Hint: In order to solve this question ,find $ \sin \left( {\dfrac{{3\pi }}{4}} \right) $ as $ \csc \theta = \dfrac{1}{{\sin \theta }} $ by converting $ \left( {\dfrac{{3\pi }}{4}} \right) $ into some (A+B) and apply $ \sin \left( {A + B} \right) $ formula and find the inverse of it to find the required answer.
Formula:
  $ \sin \left( {A - B} \right) = \sin \left( A \right)\cos \left( B \right) - \sin \left( B \right)\cos \left( A \right) $

Complete step-by-step answer:
In trigonometric table ,the value of $ \sin \left( {\dfrac{{3\pi }}{4}} \right) $ is not given ,so to find this we have use some other means to find the required value .We’ll use other trigonometric values given in the trigonometric table .
First ,we’ll ,convert $ \left( {\dfrac{{3\pi }}{4}} \right) $ into some (A-B) form
  $ \sin \left( {\dfrac{{3\pi }}{4}} \right) = \sin \left( {\dfrac{\pi }{2} + \dfrac{\pi }{4}} \right) $
Now we will apply formula $ \sin \left( {A + B} \right) = \sin \left( A \right)\cos \left( B \right) + \sin \left( B \right)\cos \left( A \right) $
Where , A is equal to $ \dfrac{\pi }{2} $ and B is equal to $ \dfrac{\pi }{4} $
  $ \sin \left( {\dfrac{\pi }{2} + \dfrac{\pi }{4}} \right) = \sin \left( {\dfrac{\pi }{2}} \right)\cos \left( {\dfrac{\pi }{4}} \right) + \sin \left( {\dfrac{\pi }{4}} \right)\cos \left( {\dfrac{\pi }{2}} \right) $ -(1)
 From the trigonometric table
  $ \sin \left( {\dfrac{\pi }{4}} \right) = \dfrac{1}{{\sqrt 2 }}\, $ ,
  $ \sin \left( {\dfrac{\pi }{2}} \right) = 1 $
  $ \cos \left( {\dfrac{\pi }{4}} \right) = \dfrac{1}{{\sqrt 2 }}\, $
  $ \cos \left( {\dfrac{\pi }{2}} \right) = 0 $
Putting values in equation (1)
  $
   = 1 \times \dfrac{1}{{\sqrt 2 }} + \dfrac{1}{{\sqrt 2 }} \times 0 \\
   = \dfrac{1}{{\sqrt 2 }} \\
   $
Therefore, the value of $ \sin \left( {\dfrac{{3\pi }}{4}} \right) = \dfrac{1}{{\sqrt 2 }} $
Since using identity of trigonometry $ \csc \theta = \dfrac{1}{{\sin \theta }} $ ,here $ \theta = \dfrac{{3\pi }}{4} $
\[
  \csc \left( {\dfrac{{3\pi }}{4}} \right) = \dfrac{1}{{\sin \left( {\dfrac{{3\pi }}{4}} \right)}} \\
  \csc \left( {\dfrac{{3\pi }}{4}} \right) = \dfrac{1}{{\dfrac{1}{{\sqrt 2 }}}} \\
  \csc \left( {\dfrac{{3\pi }}{4}} \right) = \sqrt 2 \\
 \]
Hence the value of $ \csc \left( {\dfrac{{3\pi }}{4}} \right) $ is equal to $ \sqrt 2 $ .

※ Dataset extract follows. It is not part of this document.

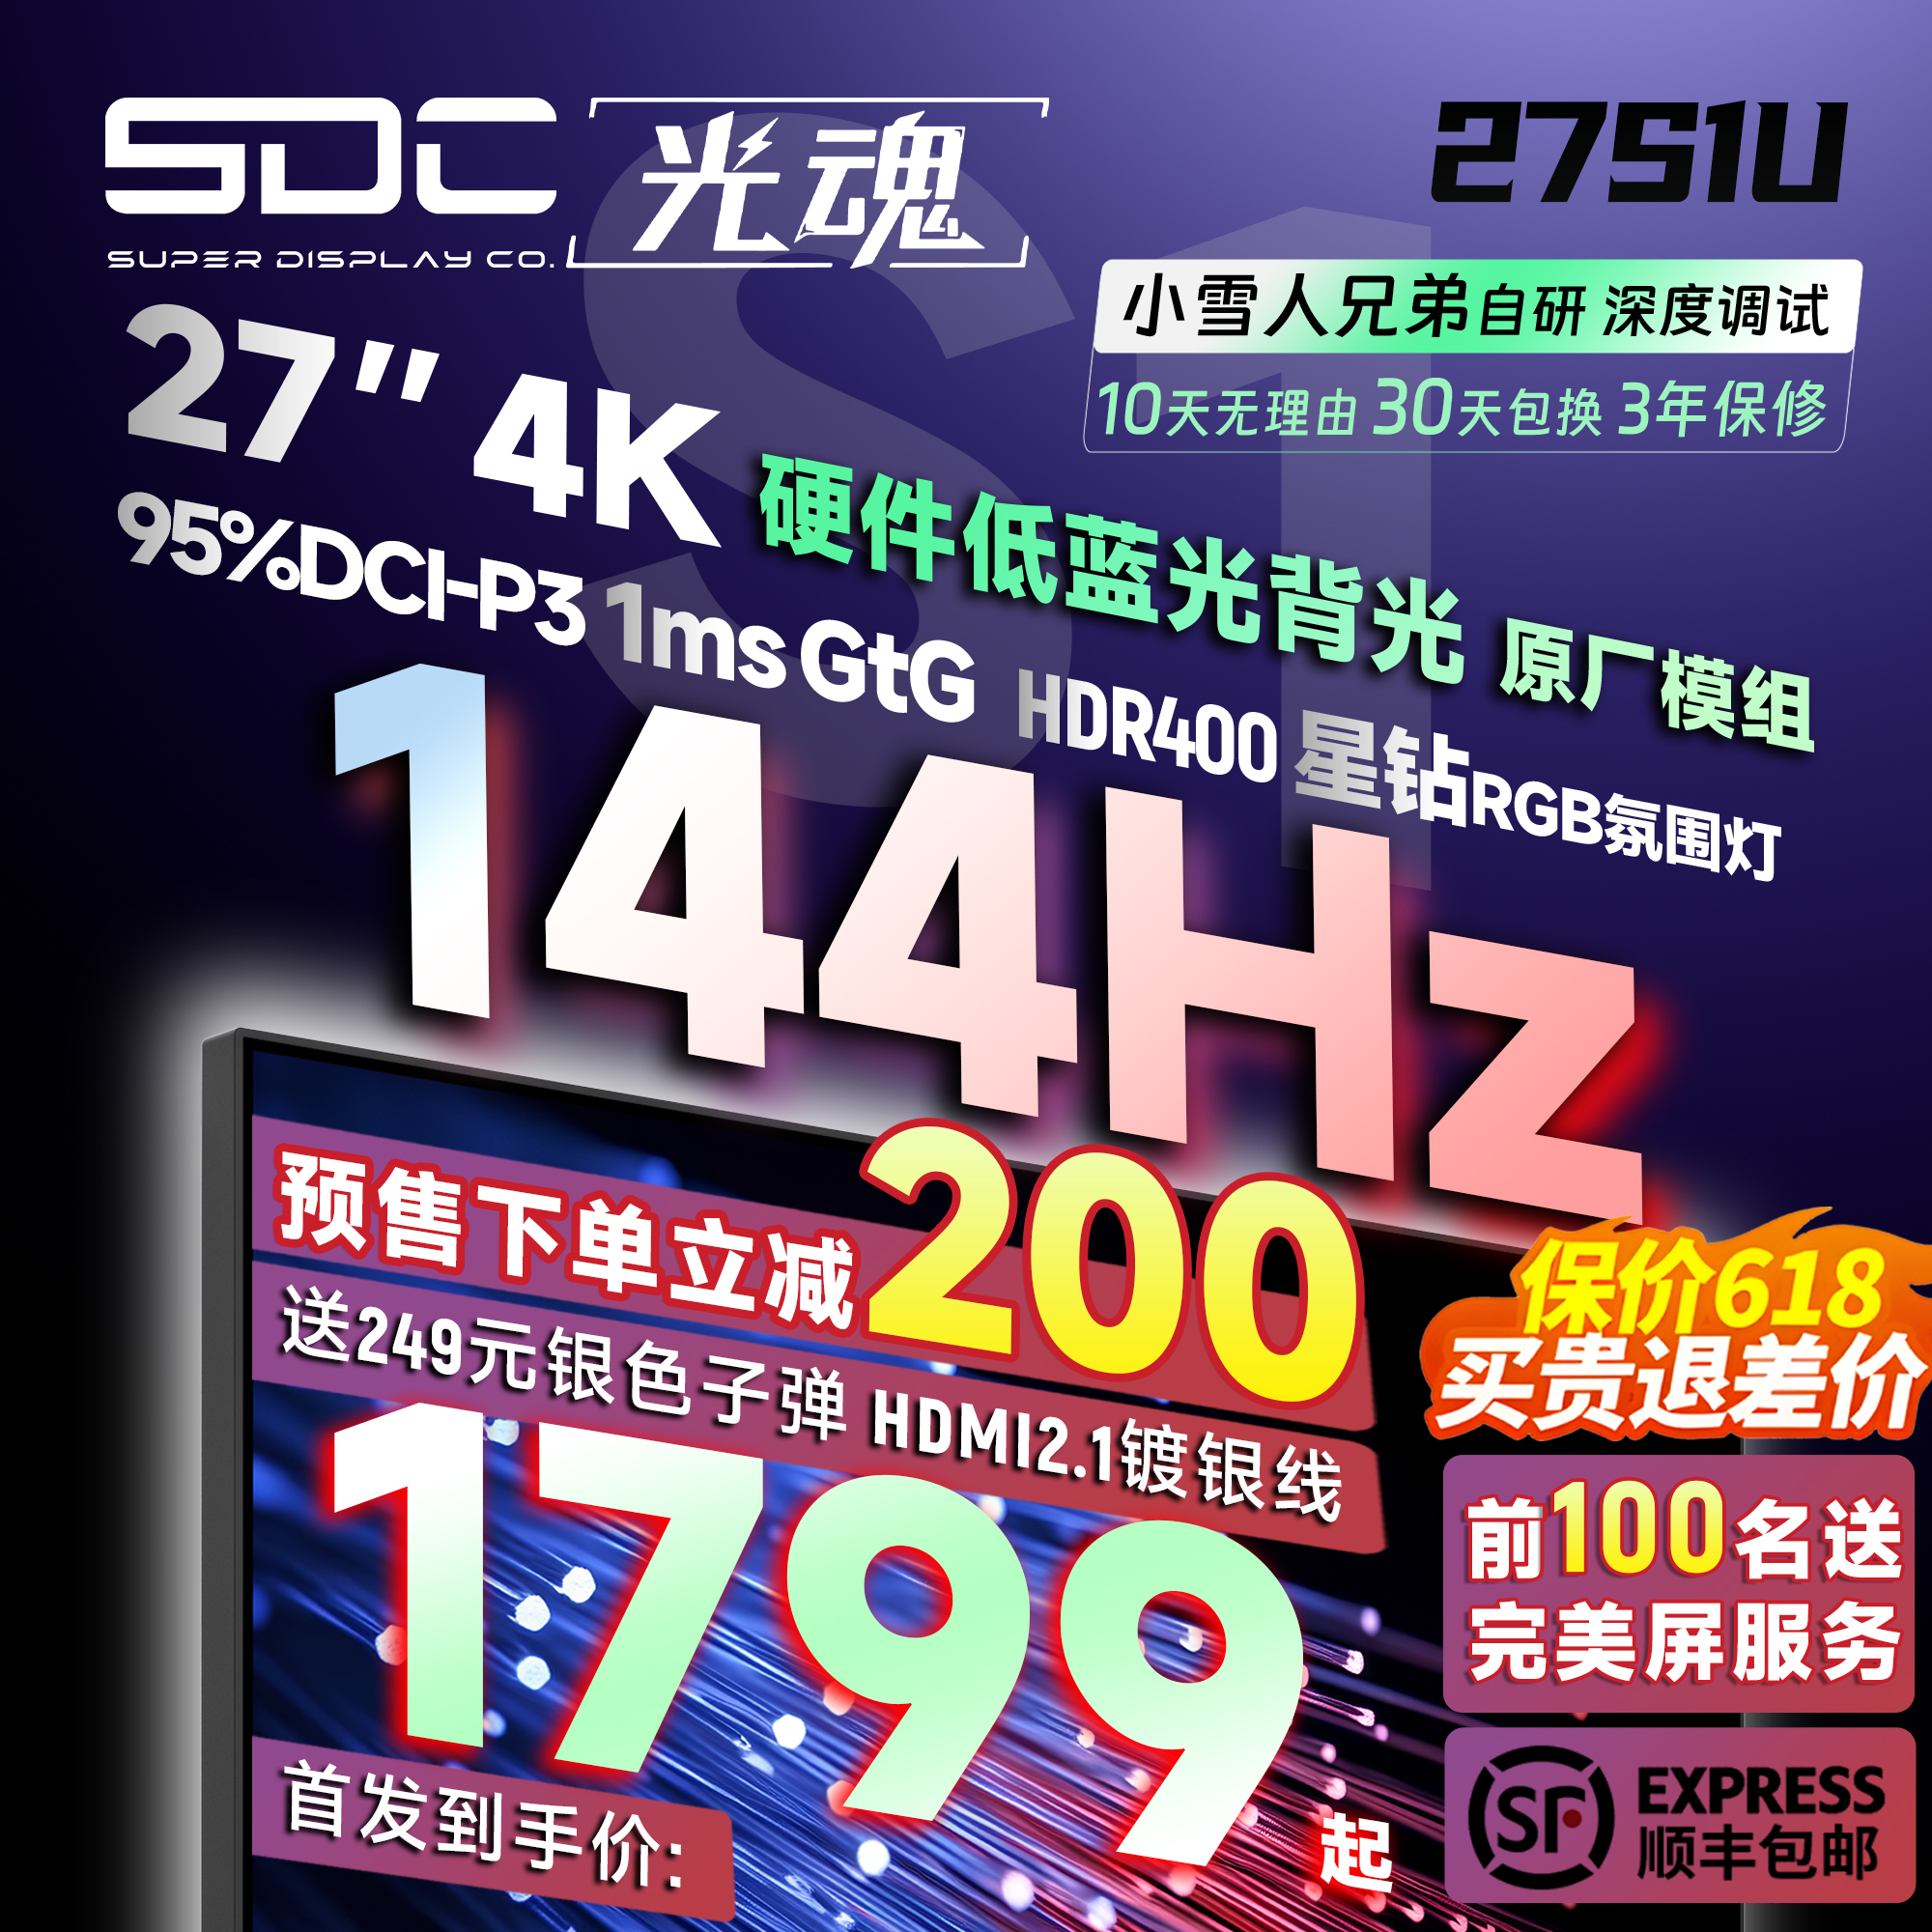 光魂/SDC 27S1U 27英寸显示器4K Fast IPS屏游戏电脑144Hz屏幕

So, the correct answer is “ $ \sqrt 2 $ ”.

Note: 1. Periodic Function= A function $ f(x) $ is said to be a periodic function if there exists a real number T > 0 such that $ f(x + T) = f(x) $ for all x.
If T is the smallest positive real number such that $ f(x + T) = f(x) $ for all x, then T is called the fundamental period of $ f(x) $ .
Since $ \sin \,(2n\pi + \theta ) = \sin \theta $ for all values of $ \theta $ and n $ \in $ N.
2. Even Function – A function $ f(x) $ is said to be an even function ,if $ f( - x) = f(x) $ for all x in its domain.
Odd Function – A function $ f(x) $ is said to be an even function ,if $ f( - x) = - f(x) $ for all x in its domain.
We know that $ \sin ( - \theta ) = - \sin \theta .\cos ( - \theta ) = \cos \theta \,and\,\tan ( - \theta ) = - \tan \theta $
Therefore, $ \sin \theta $ and $ \tan \theta $ and their reciprocals, $ \cos ec\theta $ and $ \cot \theta $ are odd functions whereas \[\cos \theta \] and its reciprocal \[\sec \theta \] are even functions.